How to read this benchmark carefully. The test is intentionally skewed. Anthropic only included sessions where the human's next move was already suboptimal. As a check, they ran the same test on 127 sessions where the human's move was strong — models beat the human only 20% of the time on those. The 64% figure is not general research competence. It's performance on the subset of decisions where humans are most likely to go wrong.

The automated research experiment

In April 2026, Anthropic published a demonstration of Claude running an open-ended safety research project end to end. The problem given was a weak supervision question: can a weaker model reliably supervise a stronger one? Claude-powered agents proposed hypotheses, ran tests, shared findings with parallel agents, and iterated. The task had a clear performance floor (the weak model on its own) and ceiling (the strong model trained on correct answers).
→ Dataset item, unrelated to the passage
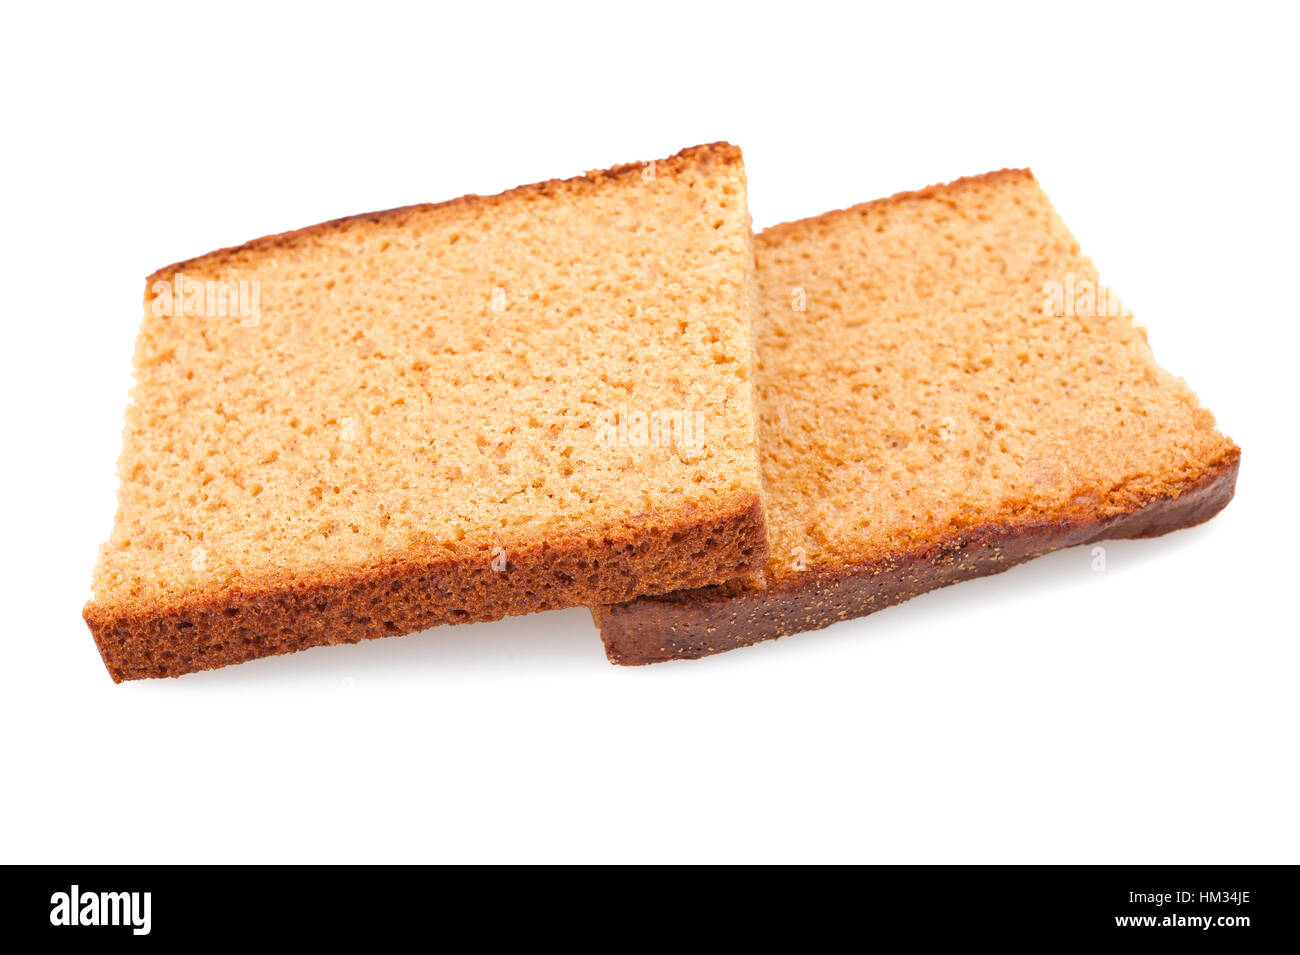 Honey cake slice isolated on white Stock Photo

Two human researchers over about a week recovered roughly 23% of the gap between floor and ceiling. The agents recovered 97% over 800 cumulative compute hours and roughly $18,000 in API cost. The caveats are real — the result didn't transfer cleanly to production-scale models, humans set the problem and the scoring rubric, and agents designed every experiment within those constraints. But within those bounds, Claude handled the entire experimental design loop without human involvement in any individual step.
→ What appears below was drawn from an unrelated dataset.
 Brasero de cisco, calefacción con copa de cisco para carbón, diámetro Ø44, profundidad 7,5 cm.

Amdahl's law is now the internal problem

Speeding up one part of a pipeline shifts the bottleneck. Anthropic is running into this directly. As Claude generates code faster, human code review has become a bottleneck. In response, they've added an automated Claude reviewer that reads every proposed change before it can merge, checking for bugs and security issues. Running a retrospective analysis on historical claude.ai incidents, they found this automated review would have caught roughly a third of the bugs that caused past production incidents — from code written by engineers Anthropic describes as among the best in the world at building these systems.

The same pressure is showing up in research. There are more ideas, initiatives, tools, and experimental simulations being generated than the organization has capacity to pursue. Claude's output has created an evaluation bottleneck. The rate at which a team can identify and fix those bottlenecks may be the most important organizational skill going forward — not productivity in the raw output sense, but throughput in the prioritization sense.

What closes the loop

The remaining gap between "Claude accelerates AI development" and "Claude autonomously develops AI" comes down to two things: training infrastructure access and research taste. On training infrastructure, Anthropic's framing is that this is more about access than capability — if Claude had the access, it could run the operations. On research taste, the 64% result suggests it's improving as a learnable capability rather than a fixed ceiling.

Anthropic's own position is that full recursive self-improvement — where Claude can design, build, and train its own successors without meaningful human involvement — is not here yet, and not inevitable. But the internal evidence they're publishing suggests every sub-capability that would be required is measurably improving. The question they're raising publicly is whether the verification and coordination infrastructure to make that safe will keep pace with the capability itself.

For now, the answer to "Claude is writing Claude" is: mostly yes, for the engineering. Not yet, for the research direction. That gap is closing at a rate that makes both claims potentially equivalent within a few years.


Source data: Anthropic Institute, When AI builds itself (June 2026). Internal Anthropic metrics on code attribution, engineer productivity, METR task horizon benchmarks, and the research taste evaluation (n=129 sessions).